• To do:
Images should not appear in the copy, yet every line of the listing below must be printed exactly.

• Given information:
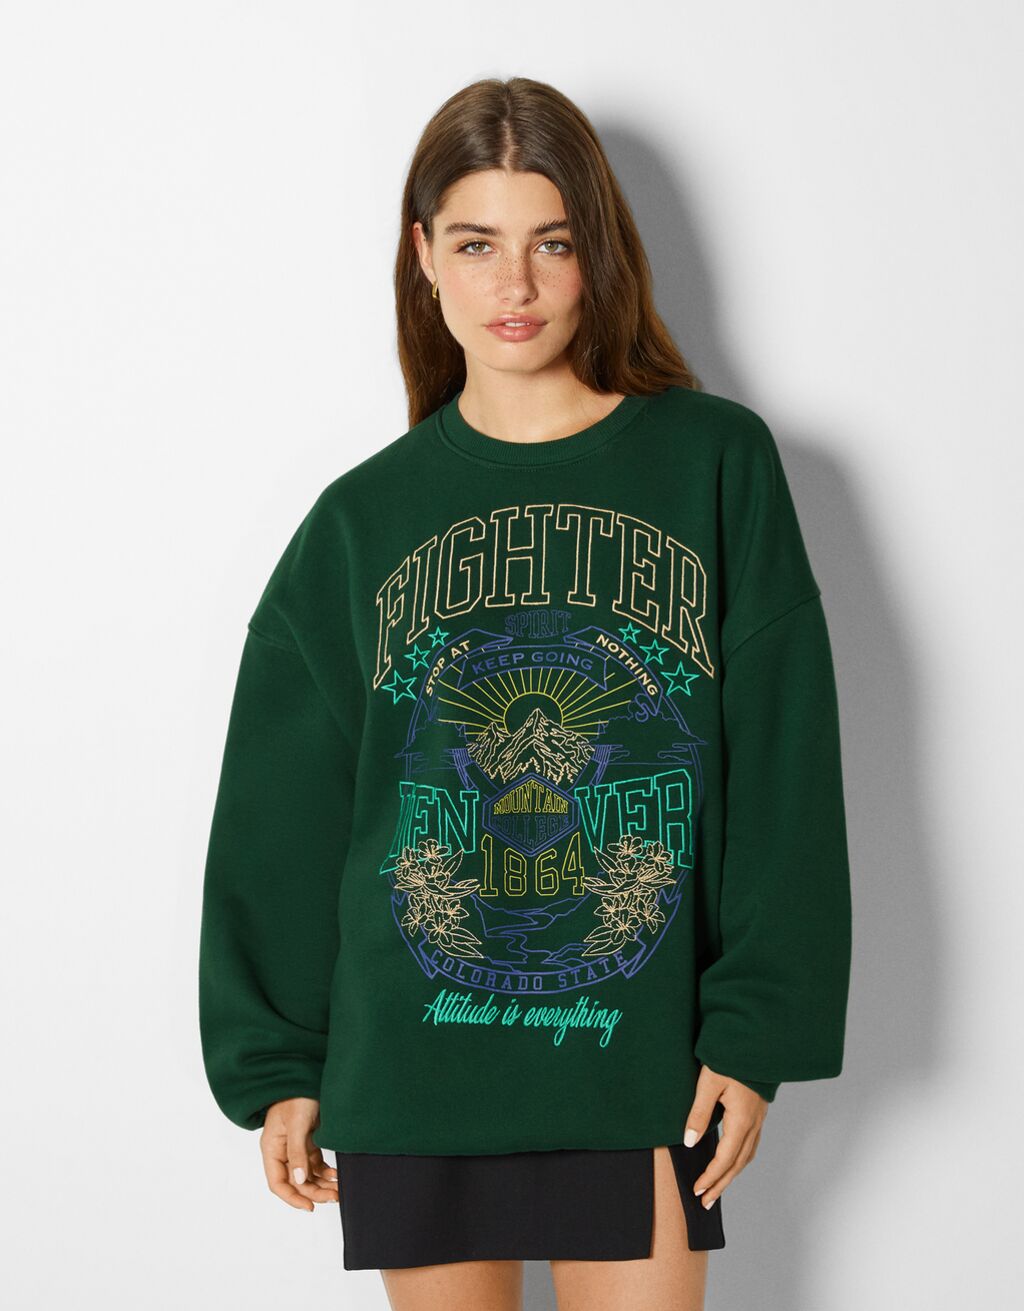 Embroidered sweatshirt
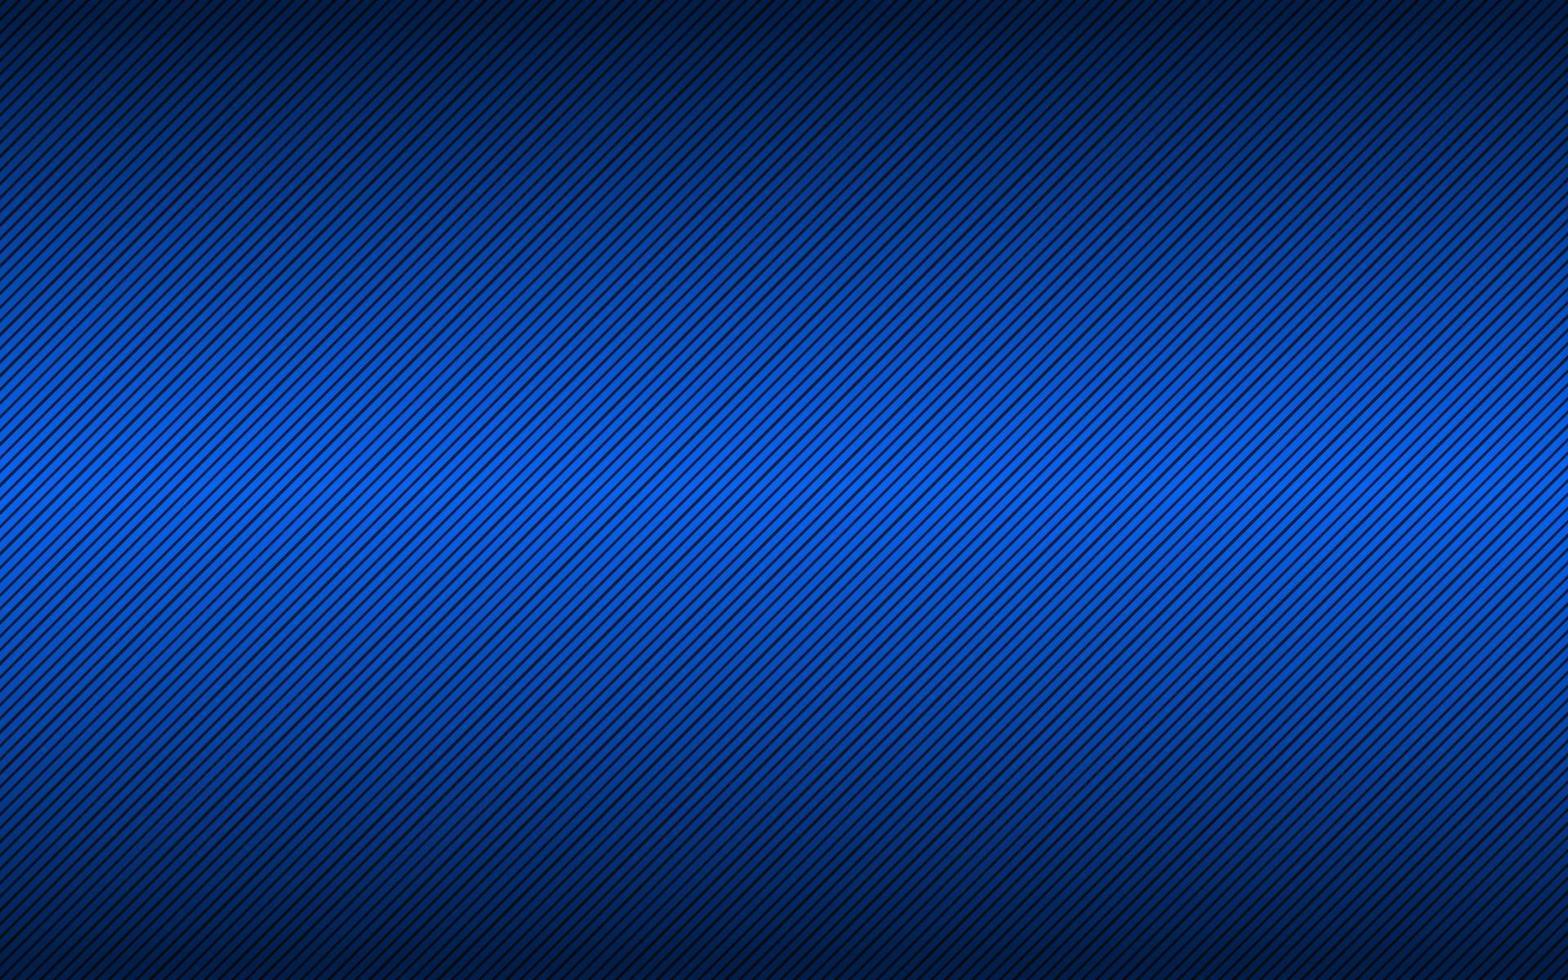 abstact fondo negro y azul brillante con líneas diagonales. ilustración vectorial simple vector
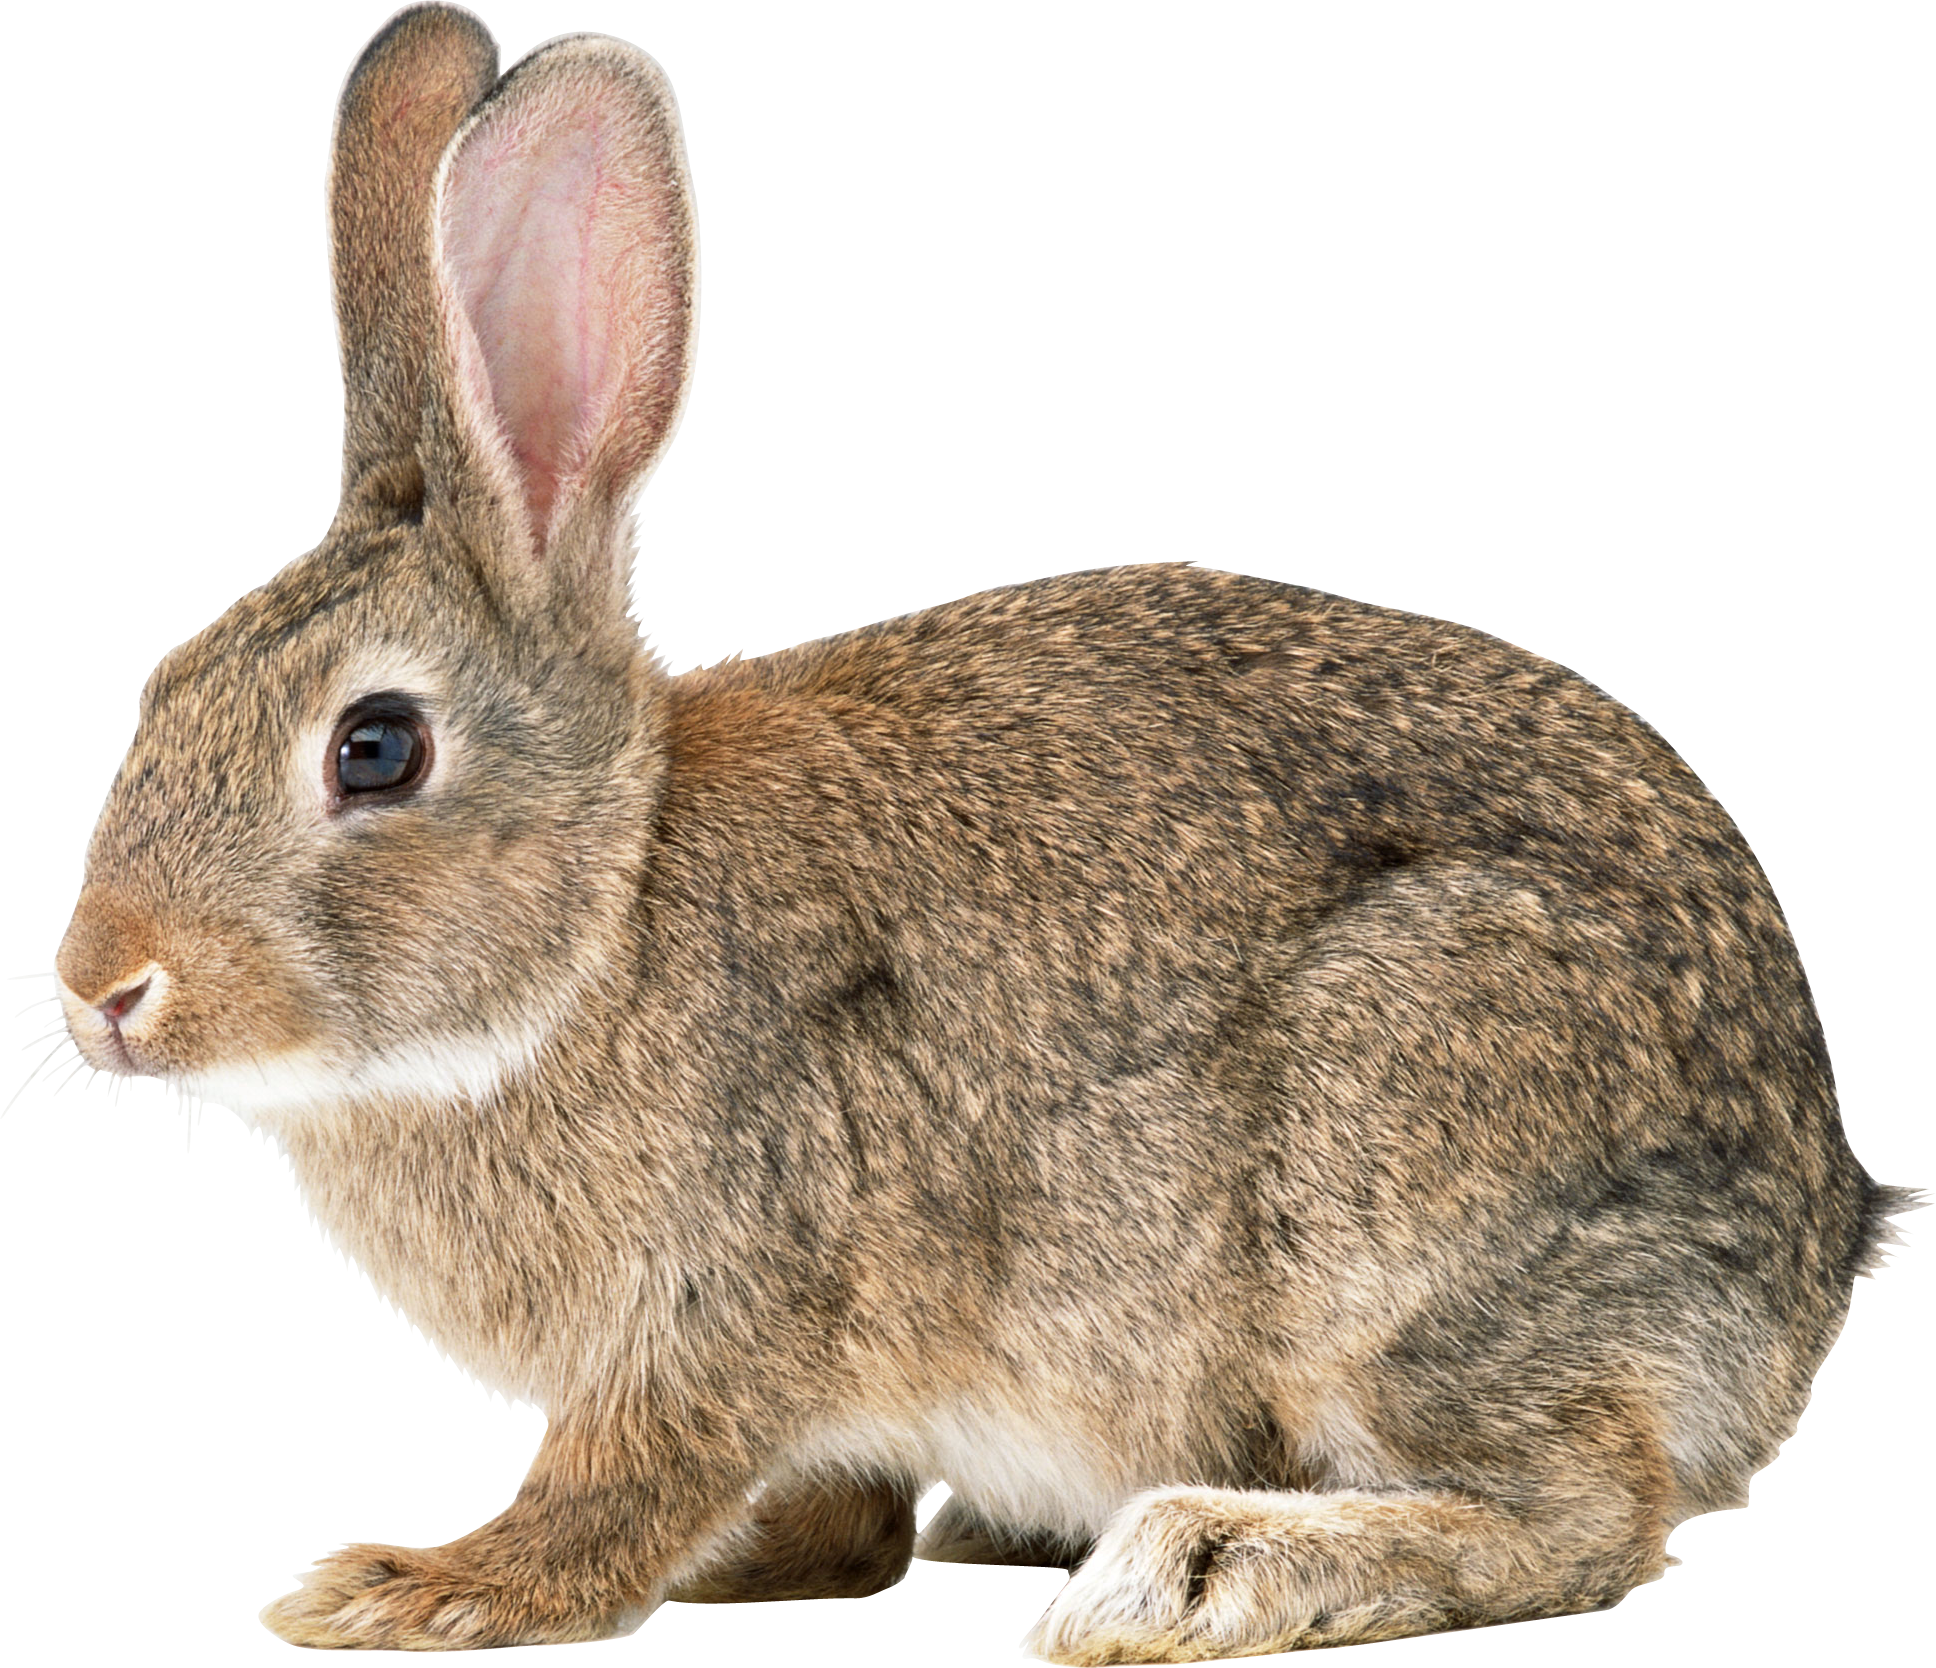 Rabbit Description

• Written answer:
 Embroidered sweatshirt
 abstact fondo negro y azul brillante con líneas diagonales. ilustración vectorial simple vector
 Rabbit Description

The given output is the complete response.